Quantification of L. pneumophila replication in vitro
Legionella pneumophila was cultured on CYE agar and 48 h heavy patches were used to subculture bacteria into supplemented AYE media (see above). All cultures were diluted to an OD600 of 0.5 and were grown in triplicates at 37°C with shaking. HPE-treated cultures were grown in the presence of 1.25 mg/mL HPE and vehicle control cultures were grown in a volume equivalent of vehicle [5% citric acid (w/v), 70% ethanol (v/v)]. At the indicated time points, OD600 was measured and bacteria were plated on CYE agar for colony forming unit (CFU) enumeration.

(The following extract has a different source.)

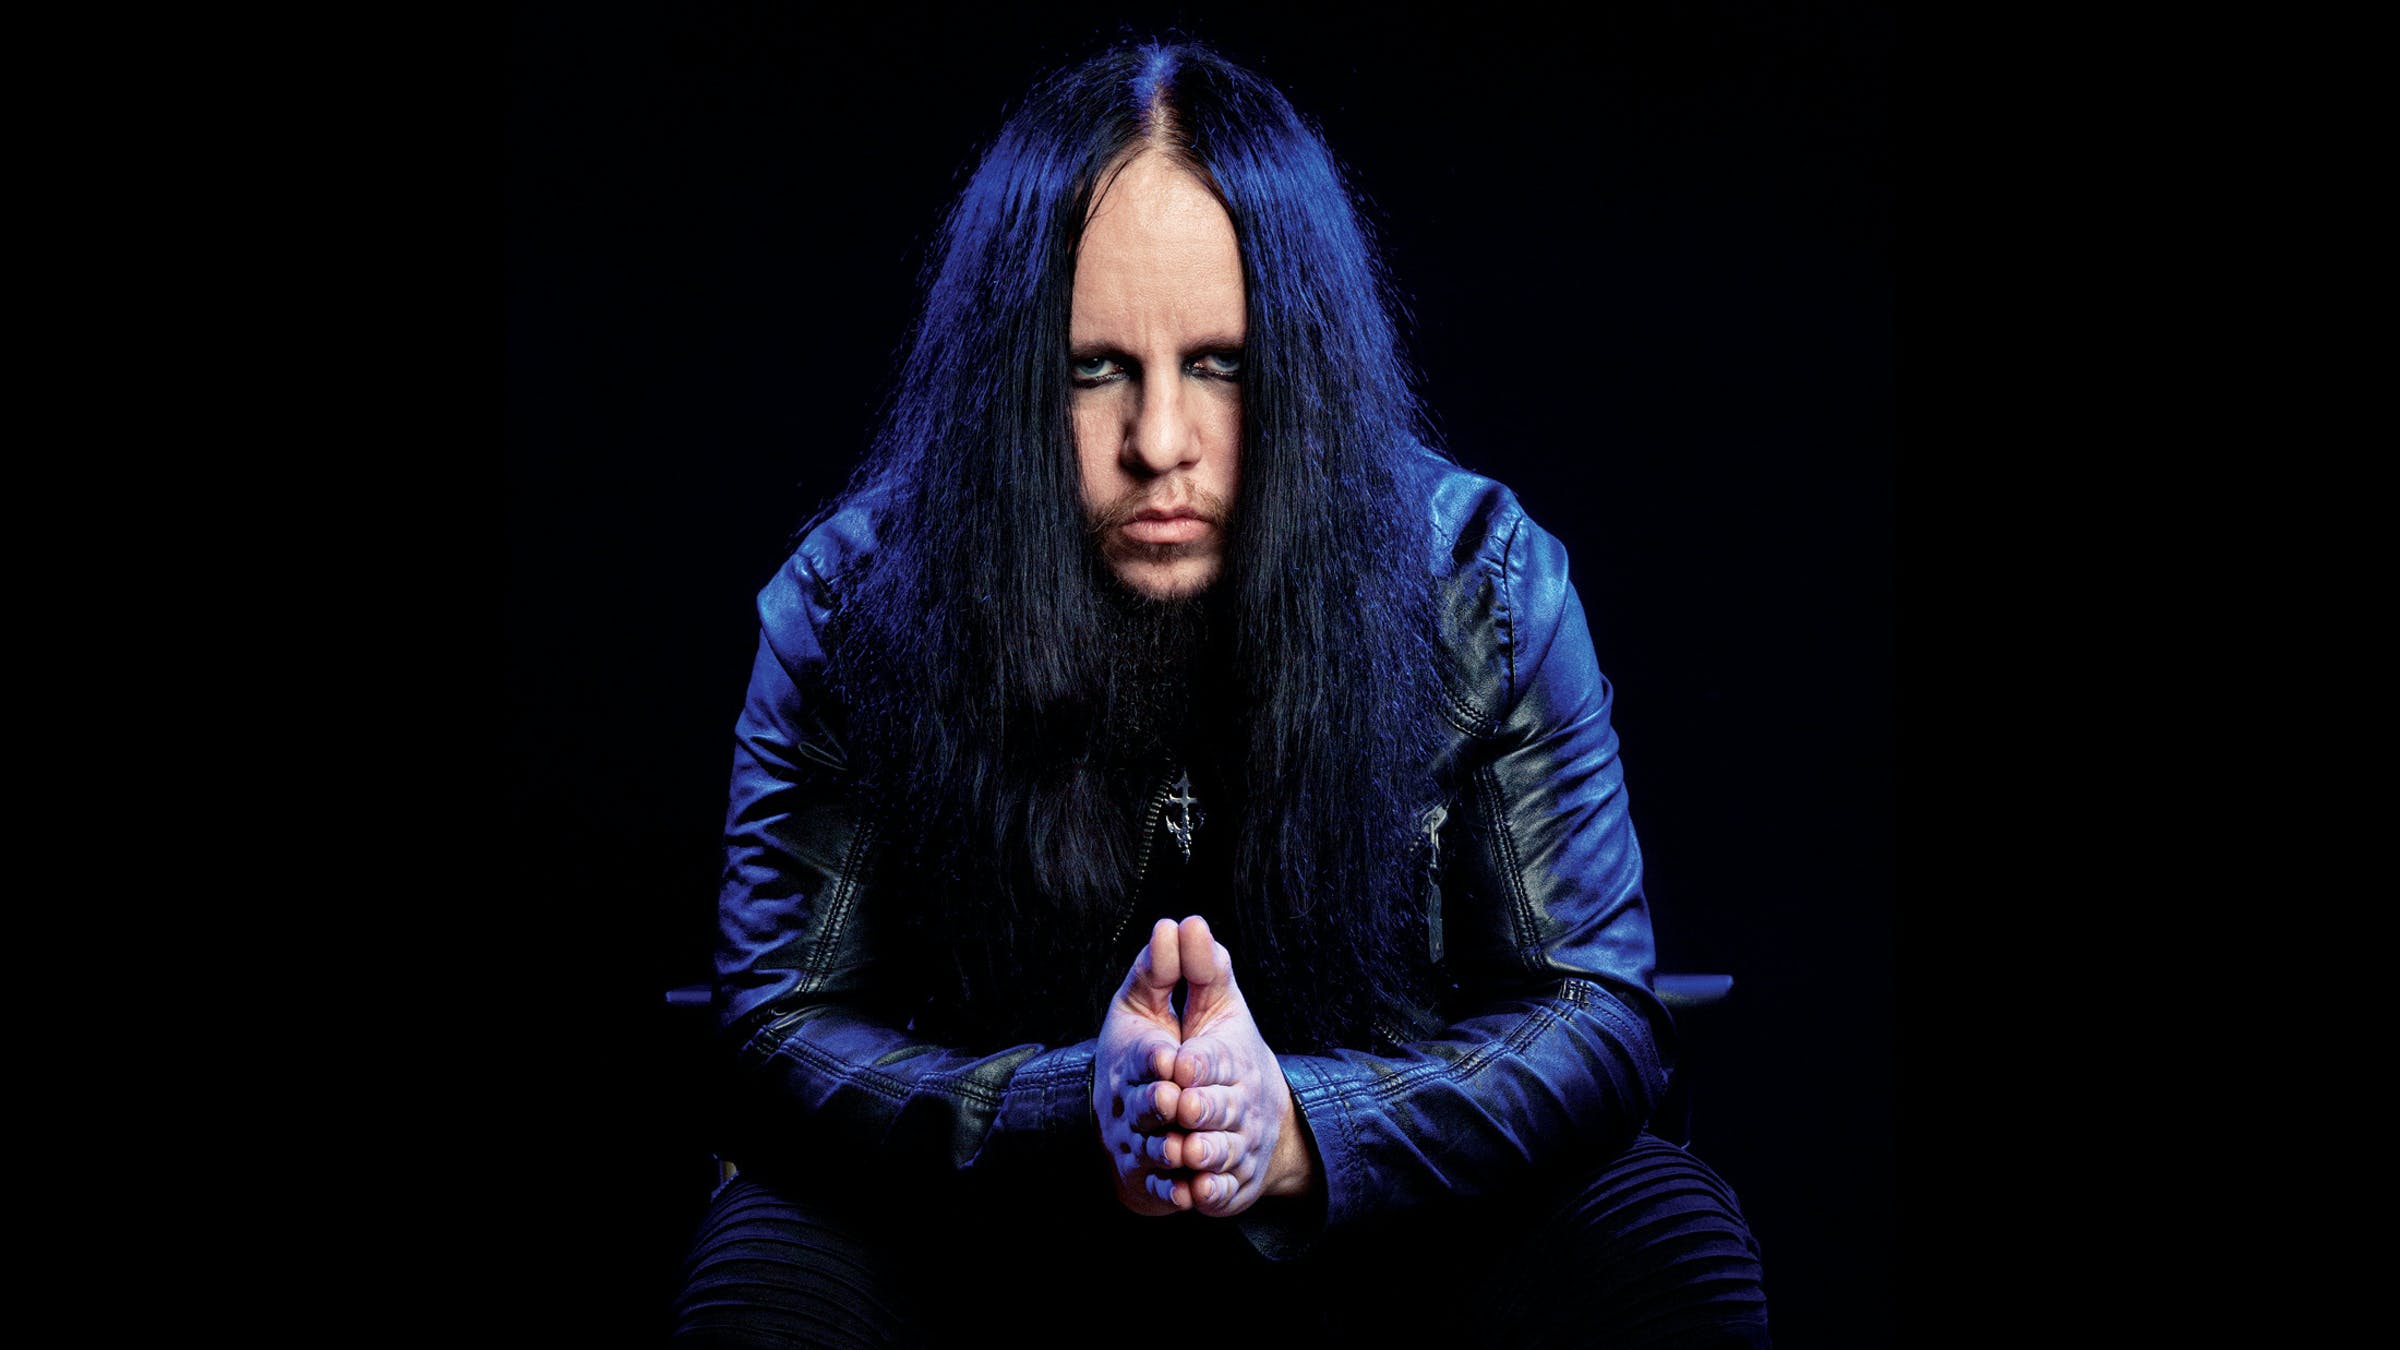 Joey Jordison Slipknot wallpaper

Infection of RAW 264.7 cells with Legionella pneumophila
RAW 264.7 cells were seeded in 24-well plates at 2 × 105 cells/well in low-serum media (DMEM + 2.5% HI FBS) one day prior to infection. Cells were infected with L. pneumophila at a multiplicity of infection (MOI) of 1 as described previously (Ngwaga et al. 2019) in the presence of HPE or vehicle as indicated. Plates were centrifuged at 250 r.c.f. to synchronize infection and incubated at 37°C/5% CO2 for 1 h. Media were aspirated and cells were washed gently 3 times with PBS and media were replaced with the same concentrations of HPE or vehicle. At the indicated time points, cells were lysed in sterile ultrapure water and bacteria were plated on CYE agar for CFU enumeration. Data are presented at either CFU per well at the indicated time point or fold replication at 48 h post-infection (normalization of CFU counts to counts at 1 h post-infection; day 0).
Cytotoxicity assay
To determine if sorghum HPE treatment impacted viability of RAW cells, cytotoxicity was quantified by lactate dehydrogenase (LDH) release assay using the Promega CytoTox™ 96 Non-Radioactive Cytotoxicity Assay according to manufacturers’ instructions. Briefly, RAW cells were seeded at 2.5 × 105/well in 24-well tissue culture plates in low-serum media one day prior to infection. Cells were infected with Lpn ∆flaA (MOI = 1) in the presence of 0.625 mg/mL HPE, 1.25 mg/mL HPE or volume equivalent of vehicle (1.25 µL/mL) for 1 h. Media were aspirated and cells were washed 3 times with sterile PBS followed by replenishing media in the presence or absence of HPE or vehicle. Lysis solution (1X) was added to control wells one hour prior to collecting supernatants. At 6 h post-infection, plates were centrifuged at 250 r.c.f. and supernatants were transferred to a sterile 96-well plate followed by addition of CytoTox™ reagent and incubation at room temperature in the dark for 30 min. Stop solution was added and absorbance was measured at 490 nm in a Victor 2 microplate reader (PerkinElmer). Background absorbance values were subtracted and % cytotoxicity was calculated by normalizing data to lysis buffer control (100% cytotoxicity).
Caspase 3 cleavage assay
RAW 264.7 cells were seeded at 1 × 106 in low-serum media in 6-well tissue culture plates one day prior to infection. Cells were treated with 1.25 mg/mL HPE or volume equivalent of vehicle and either infected with L. pneumophila at a MOI of 1 or left uninfected. As a control for induction of apoptosis, cells were treated with 10 µM staurosporine for 3 h (Yamaki et al. 2002). Cells were treated and/or infected for a total of 4 h followed by lysis in 120 µL of ice-cold RIPA buffer [10 mM Tris,(pH 7.5), 100 mM NaCl, 1 mM EDTA, 1% NP40 (v/v), 0.1% SDS (v/v), 0.5% sodium deoxycholate (w/v)] supplemented with fresh 1X ProBlock Gold Mammalian Protease Inhibitor Cocktail and 1X EDTA (GoldBio). Cells were scraped into pre-chilled 1.5 mL microcentrifuge tubes and lysates were clarified by centrifugation at 14 000 r.c.f. at 4°C for 10 min. Clarified lysates (60 µL) were added to 3X Laemmli sample buffer (30 µL) and boiled for 10 min followed by SDS-PAGE and western blot analysis.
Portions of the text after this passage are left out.